Consider the societal impacts of Bitcoin, electric vehicles, sports gambling, pot (rebranded cannabis), and even gourmet coffee. All of these products or services originated in previously fringe sectors of society. They were what the mathematical, specifically the statistical community, have labeled outliers.
Outliers traditionally have been considered data (or even people) that are significantly outside the average or median set of data. Consider the image directly above. The data clustered in the bottom left would equate with a point or even slope if it was two-dimensional on the graph. Notice the point on the upper right of the chart. In the study of statistics, this is know as the outlier.
An outlier is an extreme value that is either much higher or lower than other data points. Not to get too complicated, but the outlier typically skews the mean and median. Traditionally outliers are discarded from a data set because of this effect. My experience has been to embrace the outlier. As a matter of fact, I suggest investors keep an eye out for outliers.
The case for keeping outliers on your investing radar screen is strong, because as alluded to in the first paragraph mucho dinero can be made getting in on trends early. That is typically when prices are low, because demand is virtually non-existent.

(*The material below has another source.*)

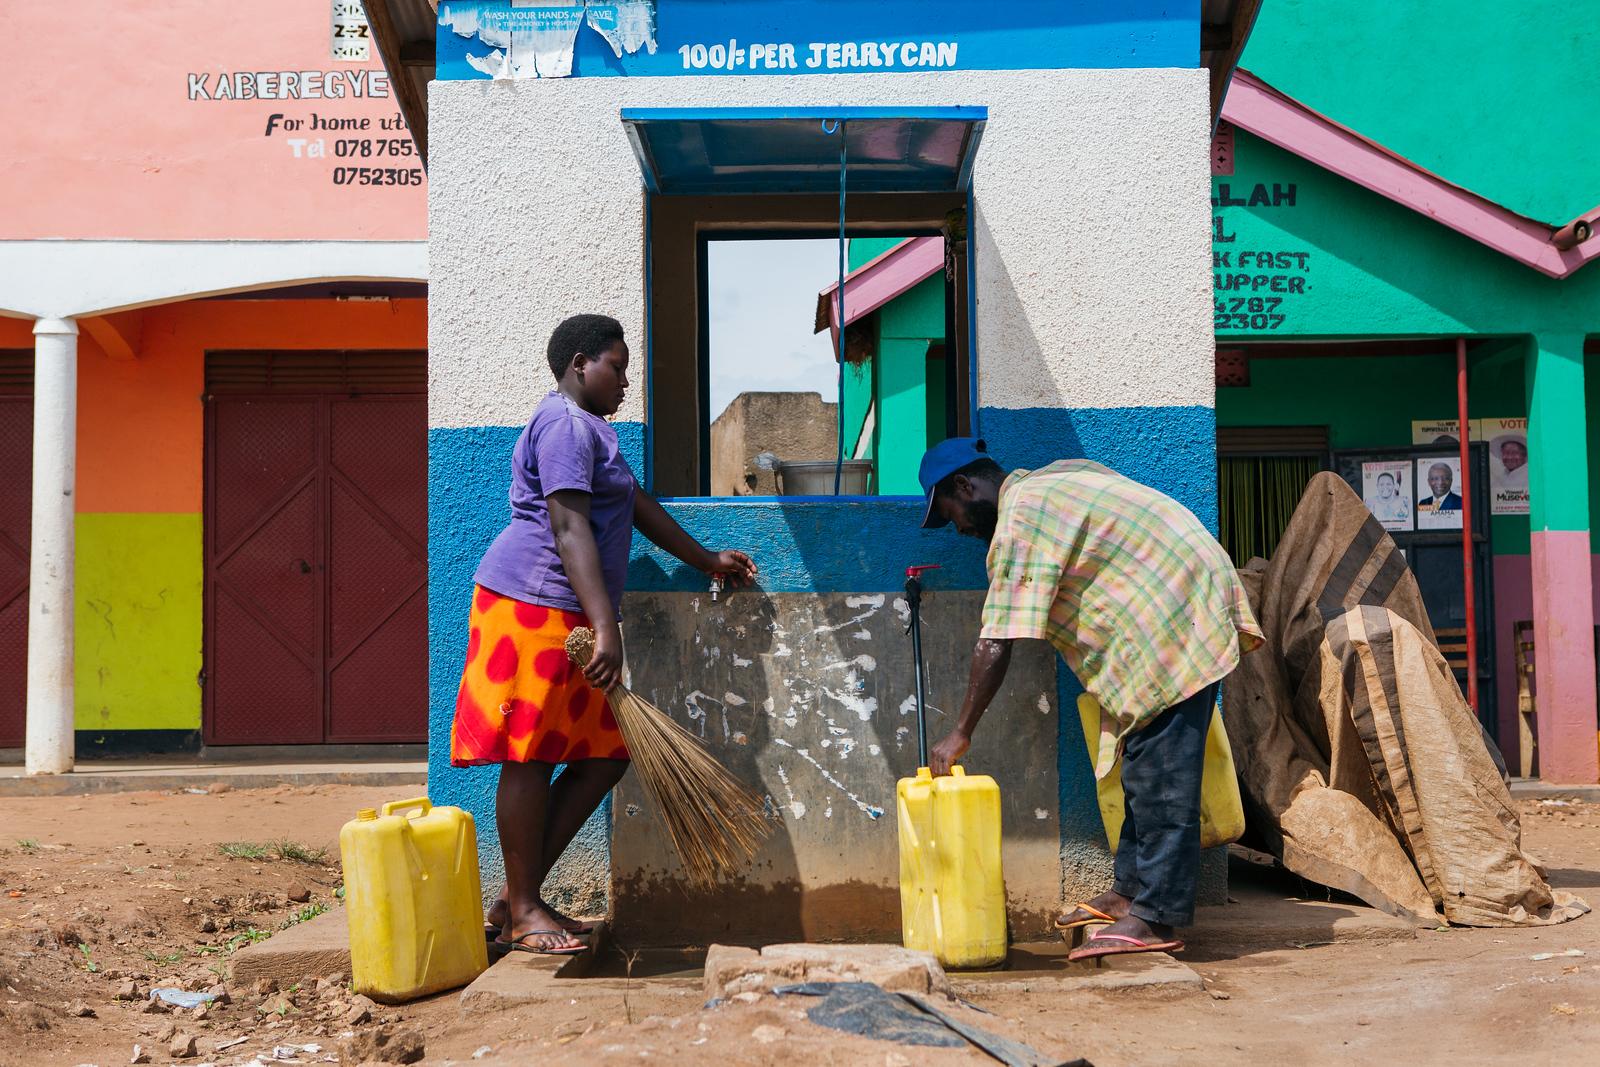 A community water kiosk in Kamwenge, Uganda.

In fact, the trend may be so early there may not even be a way to monetize the idea into a product or service yet. That makes investing in a nascent idea tricky. Often investors will pony up benjis for corollary product or service that aren't necessary the real thing.
In any industry created from a fringe idea, the birthing process is difficult and fraught with failure. The commercialization process of converting a fringe idea into a business can be best summed up as loony. It's like the primordial proteins, enzymes, heat, pressure, and time aligning to create a new life form, which of course is what a fringe idea converted into a new product or service most resembles. It is at this point when its product or service is launched and ownership can be had, whether in private equity or via purchasing the asset directly (Bitcoin), or licensing it (McDonald's franchise) that an investor can now gain exposure.

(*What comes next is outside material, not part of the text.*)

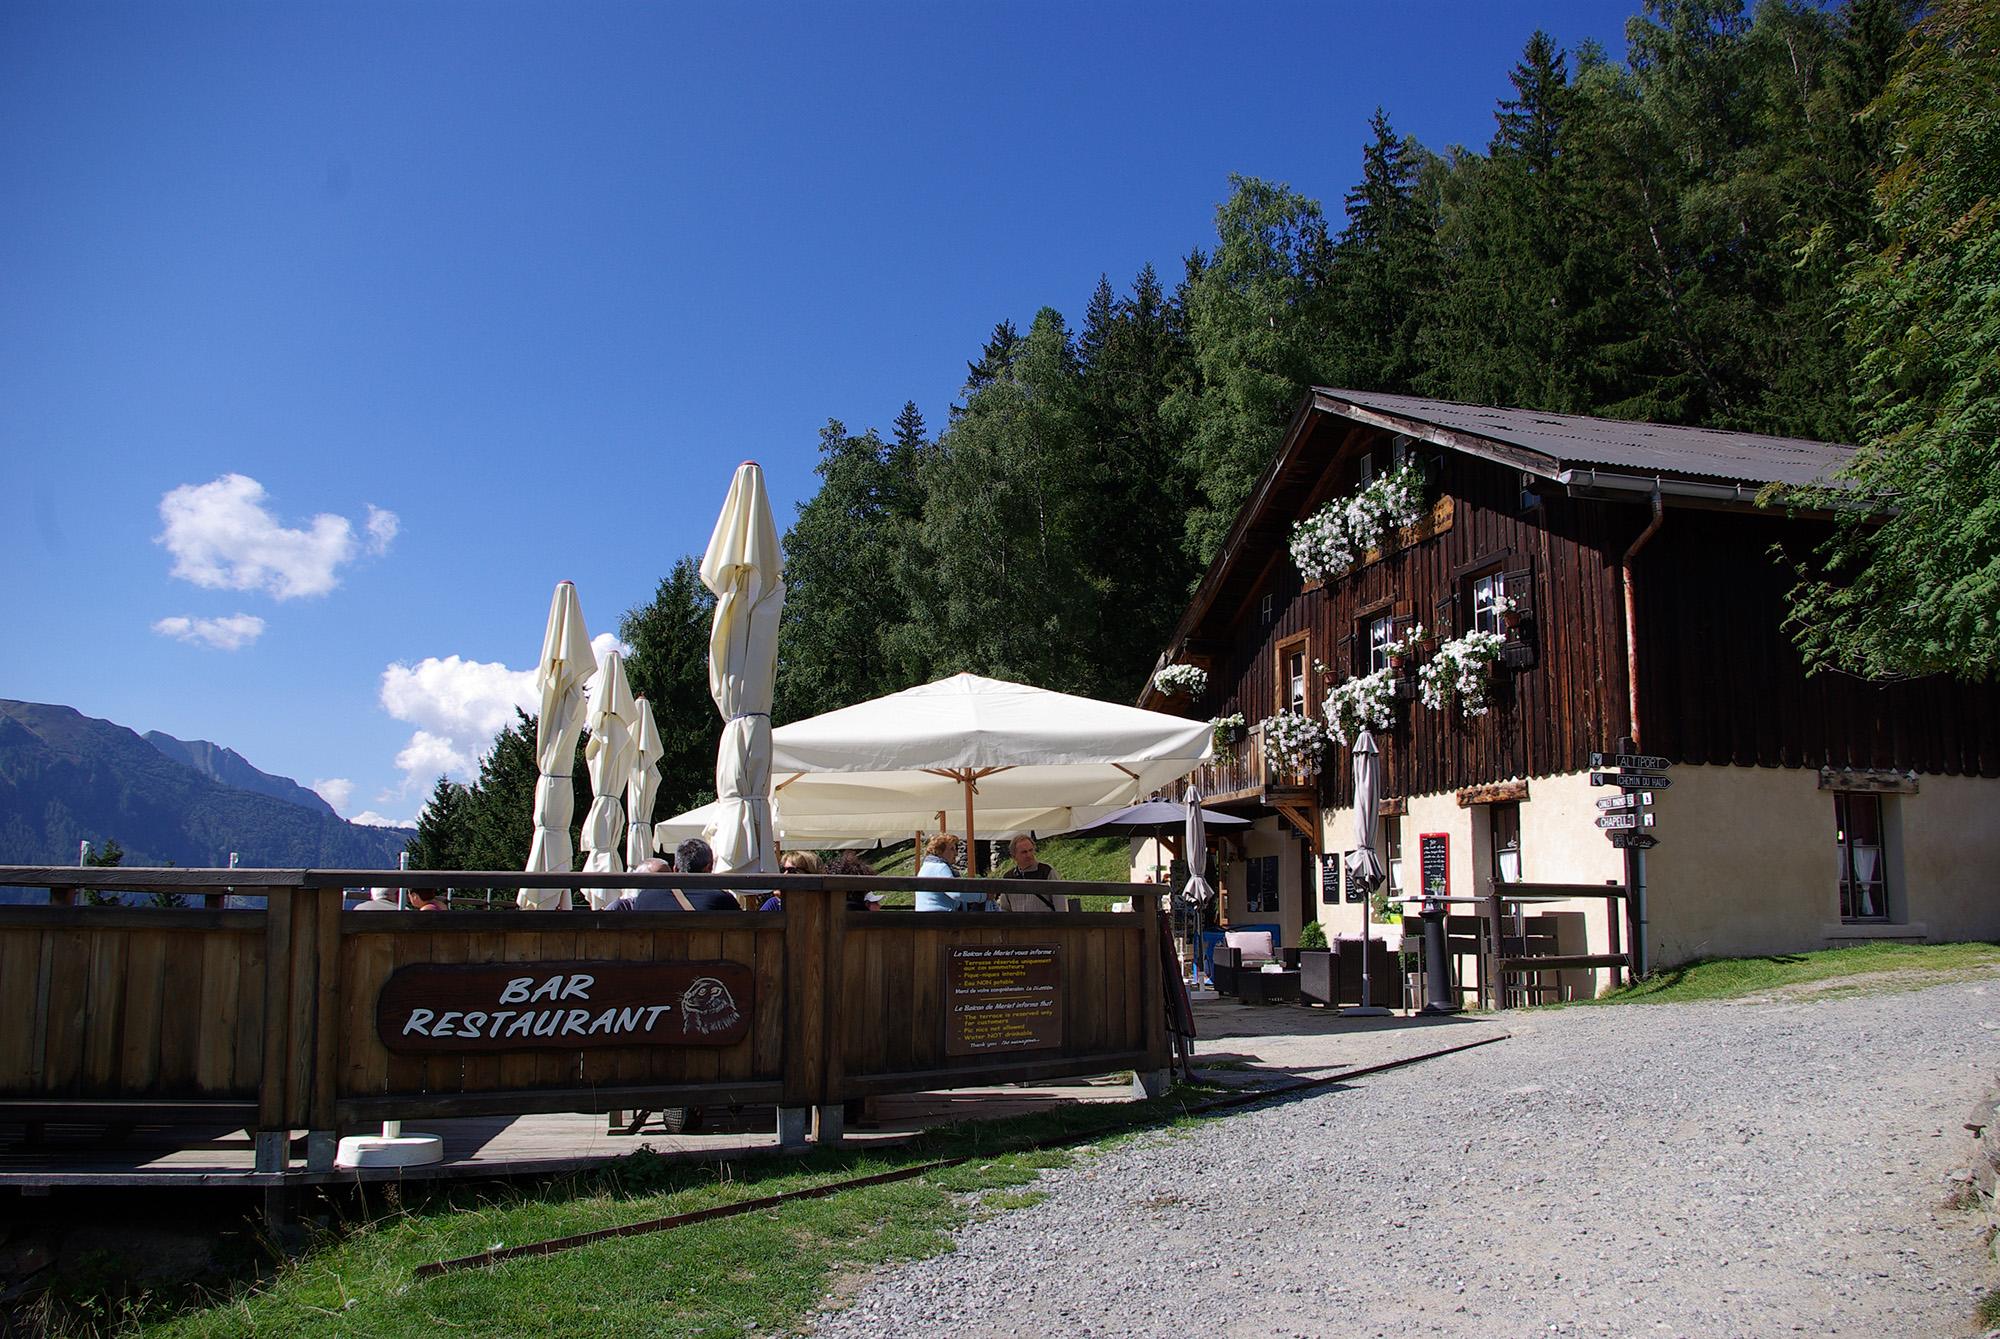 Terrace - The Balcon de Merlet restaurant

Ideas aren't two dimensional like most data on a chart. They aren't even three dimensional. The bridge between mathematics and ideas is tenuous at best. Ideas embrace at least length, area, volume, and time. The world as we know it has three dimension; length, width, and depth plus one dimension of time. String theory postulates that the universe operates with many more dimensions. Ideas are definitely at least three dimensional, consequently traditional statistics has been a poor utility to identify fringe ideas that will become mainstream. A better litmus test is needed that incorporates both mathematics and humanistics. Arthur Schopenhauer famously said "All truth passes through three stages. First, it is ridiculed. Second, it is violently opposed. Third, it is accepted as being self-evident."

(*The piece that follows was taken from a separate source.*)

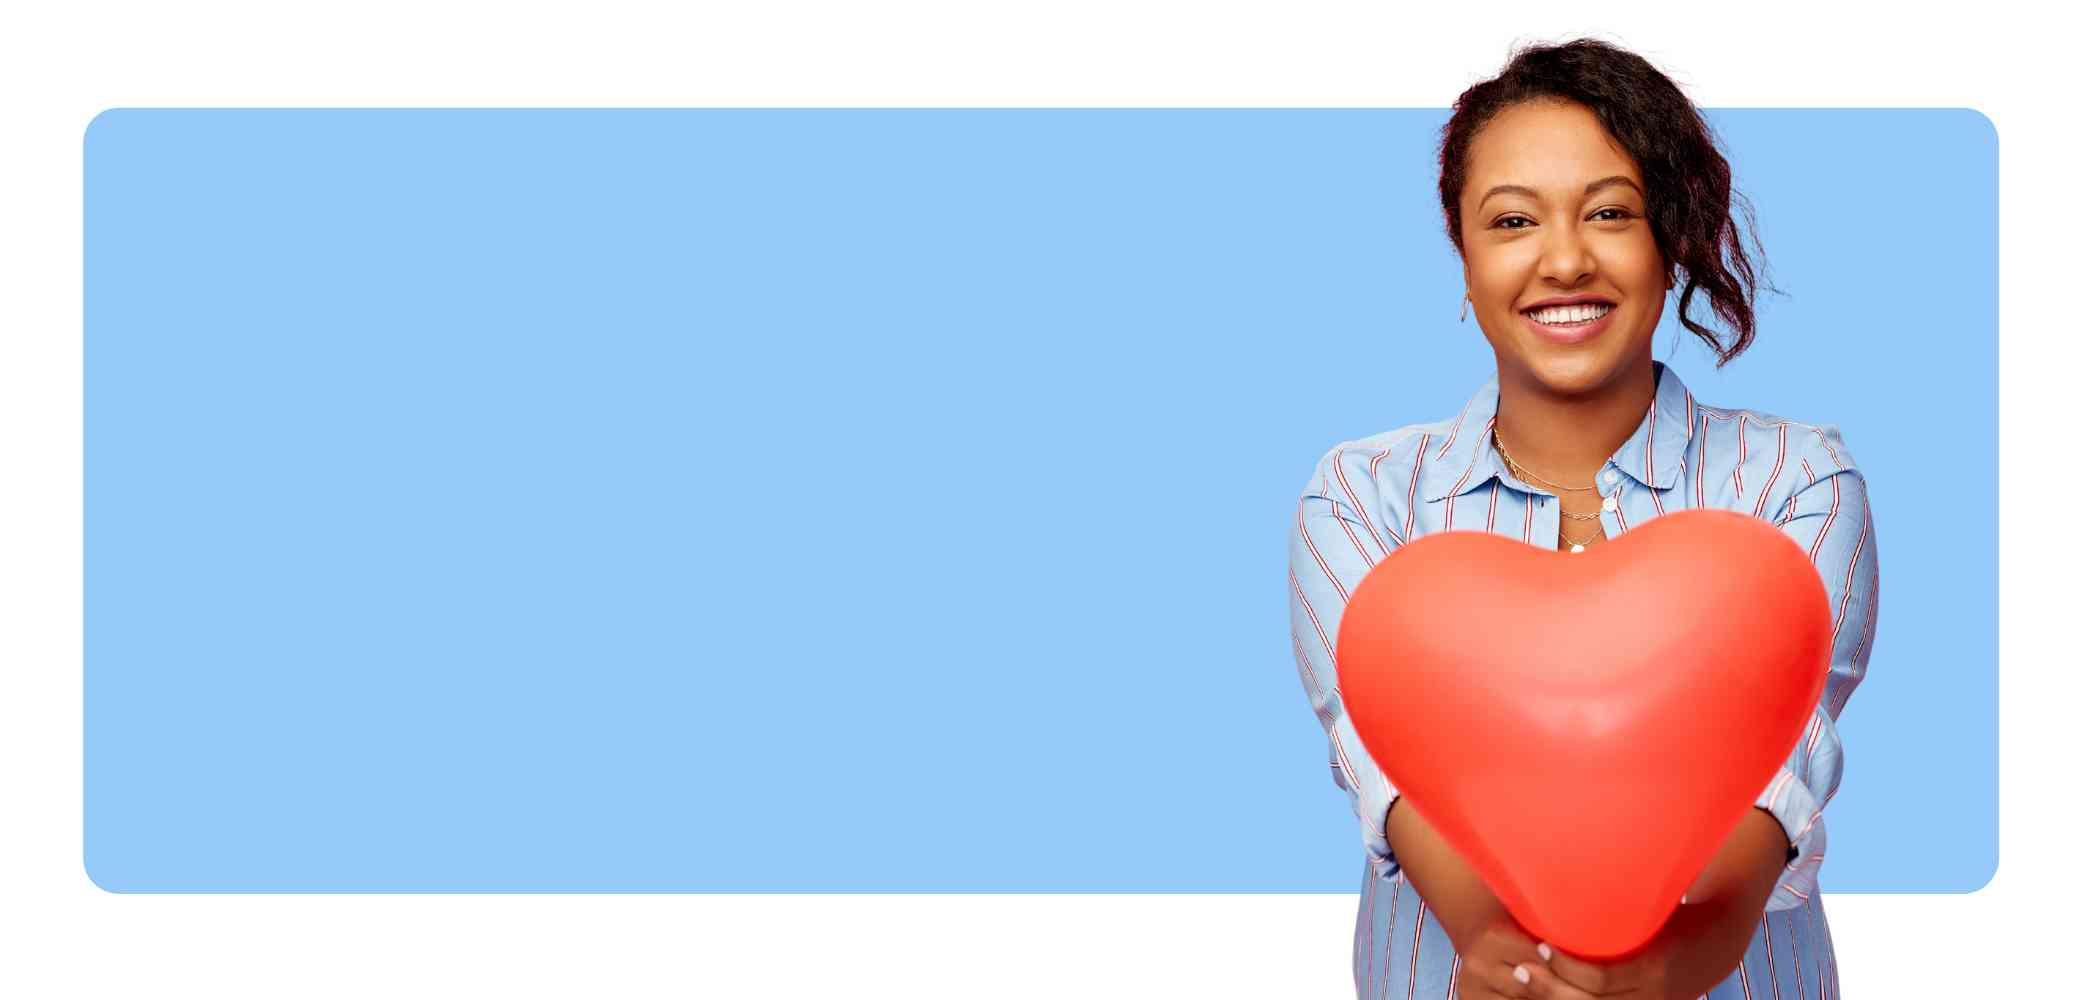 girl holding heart balloon

Since I am not as smart as Schopenhauer, I use something called the "Laugh Test." The "Laugh Test" is if I laugh out loud when presented with a fringe idea. I almost immediately put that new idea on my investing radar. The "Laugh Test" for me has proven to be an accurate predictor of potentially ground-breaking products or services, plus it also has produced countless failures. This litmus test, however, is also why I think certain environments are fertile ground to create new products and services, and also why AI will have trouble cloning this distinctly human gut reaction to what is funny, what is love, what is scary, etc. Emotions are a key factor in converting a fringe idea into a mainstream product or service. And once the mainstream embraces a fringe idea, its products and services typically change the course of history.